O mundo está de olho em Istambul. Afinal, o sábado será para conhecer o campeão da Liga dos Campeões, a competição mais glamourosa do futebol, uma espécie de Copa do Mundo de clubes. Só que o fim de semana também será de conhecer o campeão de outra Liga dos Campeões. A da África. A alguns milhares de quilômetros de Istambul, saindo do Mar Egeu, pegando à direita no Mediterrâneo, cruzando o Estreito de Gibraltar e chegando via Atlântico, a terra vai tremer.
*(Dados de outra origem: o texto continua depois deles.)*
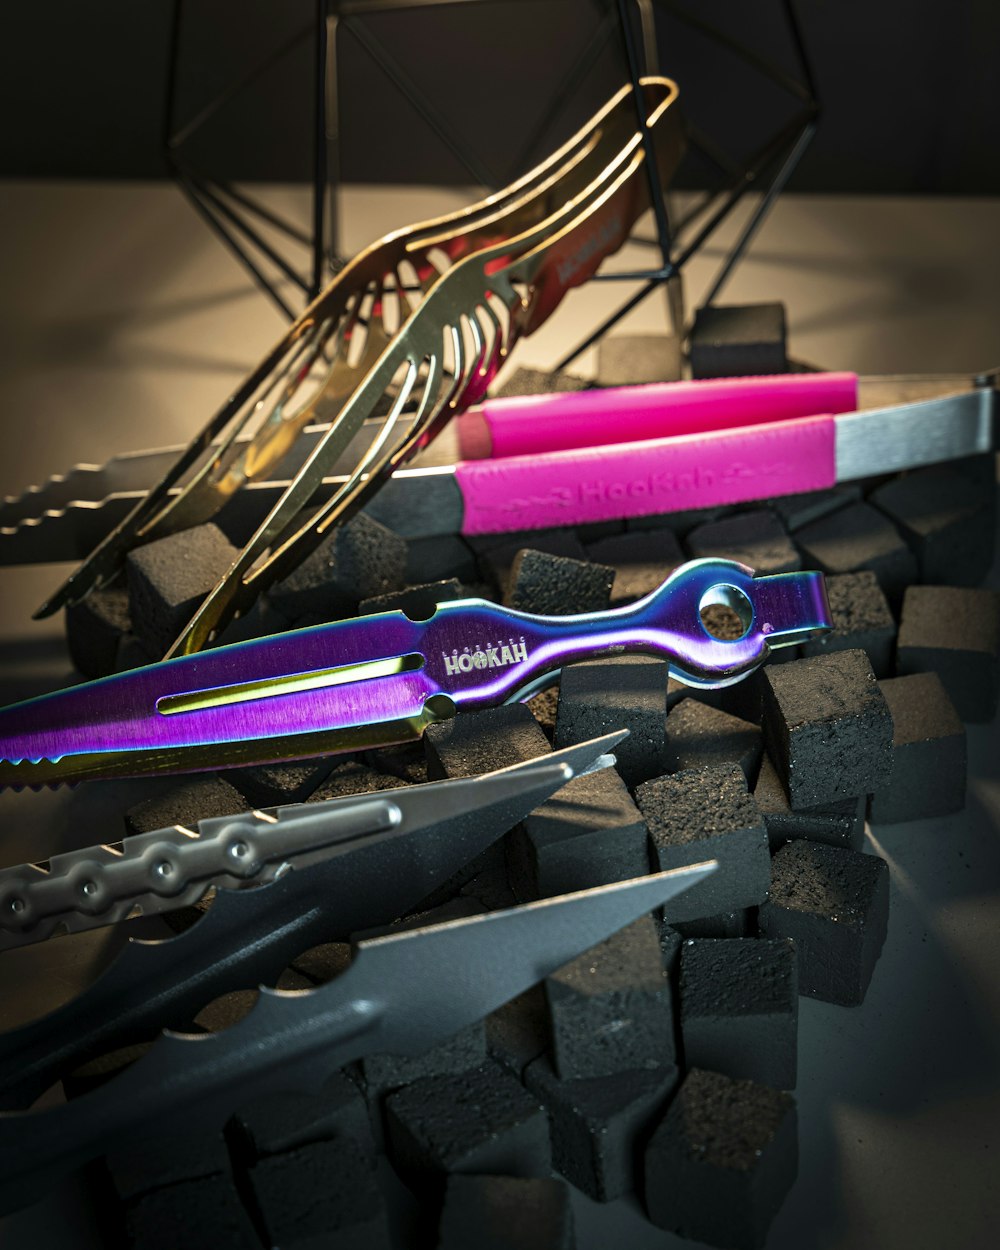 a group of scissors and combs

Na histórica Casablanca, retratada no cinema por Humphrey Bogart e Ingrid Bergman, o marroquino Wydad e o egípcio Al Ahly se enfrentam para saber quem será o dono da África nesta temporada.
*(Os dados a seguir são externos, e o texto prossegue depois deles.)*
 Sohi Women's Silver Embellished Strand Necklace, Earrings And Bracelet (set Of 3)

Tudo bem, a Liga dos Campeões de Istambul tem charme, requinte, grandes estrelas e tudo o mais que o dinheiro pode bancar. Mas a Liga dos Campeões de Casablanca, meu amigo, tem amor, devoção e raízes que vão muito além do futebol. Estamos diante aqui de dois mundos muito distintos dentro da mesma indústria, movidos por paixões e razões diferentes.
Um breve mergulho além da superfície na origem de Wydad e Al Ahly é suficiente para saber que lidamos com muito mais do que futebol. Aliás, aqui um parêntese, para as informações do plantão esportivo. O Al Ahly venceu o jogo de ida no Cairo, há uma semana, por 2 a 1. Como lá o gol qualificado ainda vale (é raiz, estou dizendo), o 1 a 0 faz do Wydad o campeão, domingo. As semelhanças entre os dois finalistas vão além da camisa vermelha e branca. Há por trás delas histórias que se confundem com a história dos dois países, de luta, de liberdade, de autonomia em relação aos colonizadores franceses e ingleses e aos absolutistas dos nossos dias.
O Al Ahly é um Real Madrid da África. Neste sábado, busca seu 11º título continental. São 15 milhões de torcedores no Egito e 60 milhões, estima-se, na África inteira. O clube nasceu, em 1907, já como bandeira de luta contra o sistema da época. Al Ahly, na tradução, significa "O Nacional". Os estudantes que o criaram tinham como ideia fazer dele um foco de resistência à monarquia obediente aos colonialistas ingleses. Não demorou para que operários se tornassem simpáticos ao clube e iniciassem ali a construção de uma torcida popular e com veia nacionalista.
Revolução
Em 1952, na revolução egípcia que tirou do poder o Rei Farouk e insitituiu a Nova República, o Al Ahly apoiou. Depois, conclamou presidente de honra Gamal Abdel Nasser, um dos grandes líderes do levante e que viria a comandar o país por 14 anos, até 1970. O clube também abriu portas para que o Exército egípcio treinasse em suas instalações, conclamou torcedores a se alistar e serviu de coleta de sangue em suas instalações.
Mais recentemente, na Primavera Árabe, a torcida do Al Ahly engrossou os movimentos nas ruas para derrubar o governo de Hosni Mubarak. A ditadura de 30 anos foi tirada do poder. Porém, o governo eleito durou apenas um ano. O troco veio da pior forma, no começo de 2012, na tragédia de Port Said. O Al Ahly visitava o Al Masry, e os portões do setor dos visitantes foram fechados, a torcida local atacou a Ahlawy, os ultras do Al Ahly, que não tiveram como escapar. O saldo foi de 74 mortos. Na época, o país era comandado por uma junta militar, que havia deposto o governo eleito de Mohamed Morsi. Os jogos no Egito foram de portões fechados por três anos.
A história do Wydad vai na mesma linha. Na tradução, Wydad significa "amor'. O clube surgiu a partir de reuniões da elite de Casablanca, como uma forma de se opor ao controle francês. O Campeonato Nacional era um retrato da divisão do país. O USM, clube bancado pelos colonizadores e com jogadores franceses e de outras minorias locais, era que mandava no cenário local. Porém, o Wydad se fortaleceu e virou um símbolo de resistência. Dentro dela, surgiu também seu arquirrival, o Raja, cuja origem está nos movimentos populares. Aliás, a rivalidade entre os dois faz o Gre-Nal virar festa no playground. As imagens das duas torcidas correm o mundo, com seus cânticos e mosaicos.
Vi de perto a paixão dos marroquinos pelo futebol na última Copa. Os torcedores que foram ao Catar se juntaram à colônia que vivia por lá e promoveram nos jogos da seleção uma festa com ares latinos, tanto dentro quanto fora dos estádios. Aliás, o Wydad estava na origem daquela seleção. Walid Regragui, o técnico do Marrocos, foi quem comandou o clube na conquista do título da Liga dos Campeões. A festa pode ter um bis neste domingo, numa final sem o glamour europeu, mas com a raiz mais genuína do futebol.